Published online Mar 15, 2024. doi: 10.4251/wjgo.v16.i3.1006
Peer-review started: October 26, 2023
First decision: December 31, 2023
Revised: January 4, 2024
Accepted: January 31, 2024
Article in press: January 31, 2024
Published online: March 15, 2024
Colorectal cancer (CRC) is one very usual tumor together with higher death rate. Ubiquitin-specific protease 21 (USP21) has been confirmed to take part into the regulation of CRC progression through serving as a facilitator. Interestingly, the promotive function of USP21 has also discovered in the progression of CRC. ZEB1 has illustrated to be modulated by USP7, USP22 and USP51 in cancers. However, the regulatory functions of USP21 on ZEB1 in CRC progression need more investigations.
To investigate the relationship between USP21 and ZEB1 in CRC progression.

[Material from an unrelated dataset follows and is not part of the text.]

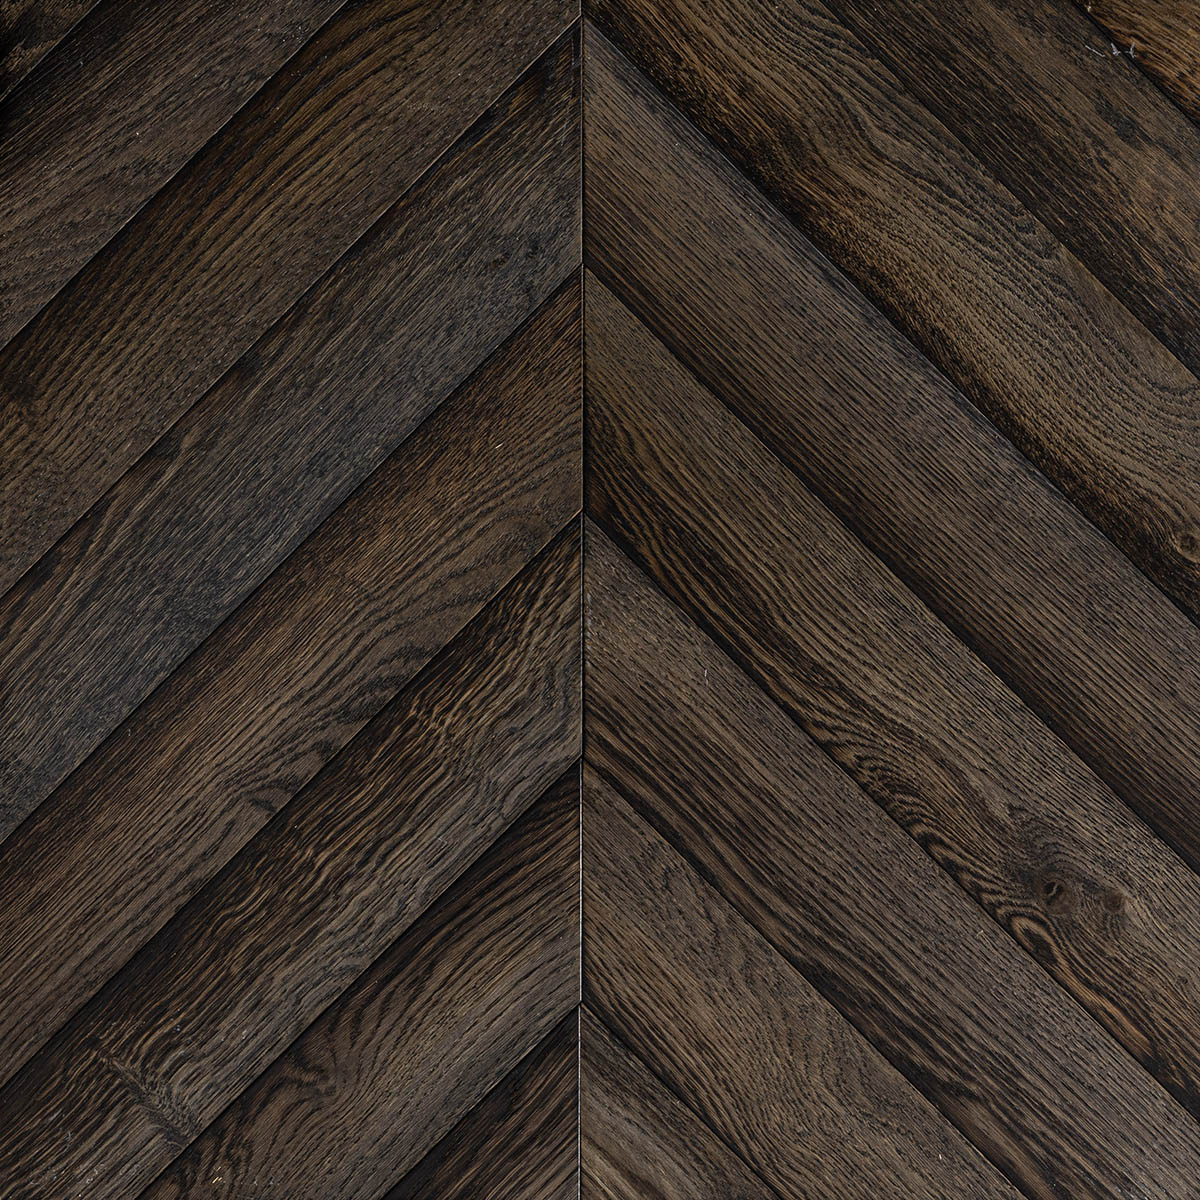 Chevron dark smoked oak engineered wood flooring

The mRNA and protein expressions were assessed through RT-qPCR, western blot and IHC assay. The interaction between USP21 and ZEB1 was evaluated through Co-IP and GST pull down assays. The cell proliferation was detected through colony formation assay. The cell migration and invasion abilities were determined through Transwell assay. The stemness was tested through sphere formation assay. The tumor growth was evaluated through in vivo mice assay.
In this work, USP21 and ZEB1 exhibited higher expression in CRC, and resulted into poor prognosis. Moreover, the interaction between USP21 and ZEB1 was further investigated. It was demonstrated that USP21 contributed to the stability of ZEB1 through modulating ubiquitination level. In addition, USP21 streng
For the first time, these above findings manifested that USP21 promoted tumorigenicity and stemness of CRC by deubiquitinating and stabilizing ZEB1. This discovery suggested that USP21/ZEB1 axis may provide novel sights for the treatment of CRC.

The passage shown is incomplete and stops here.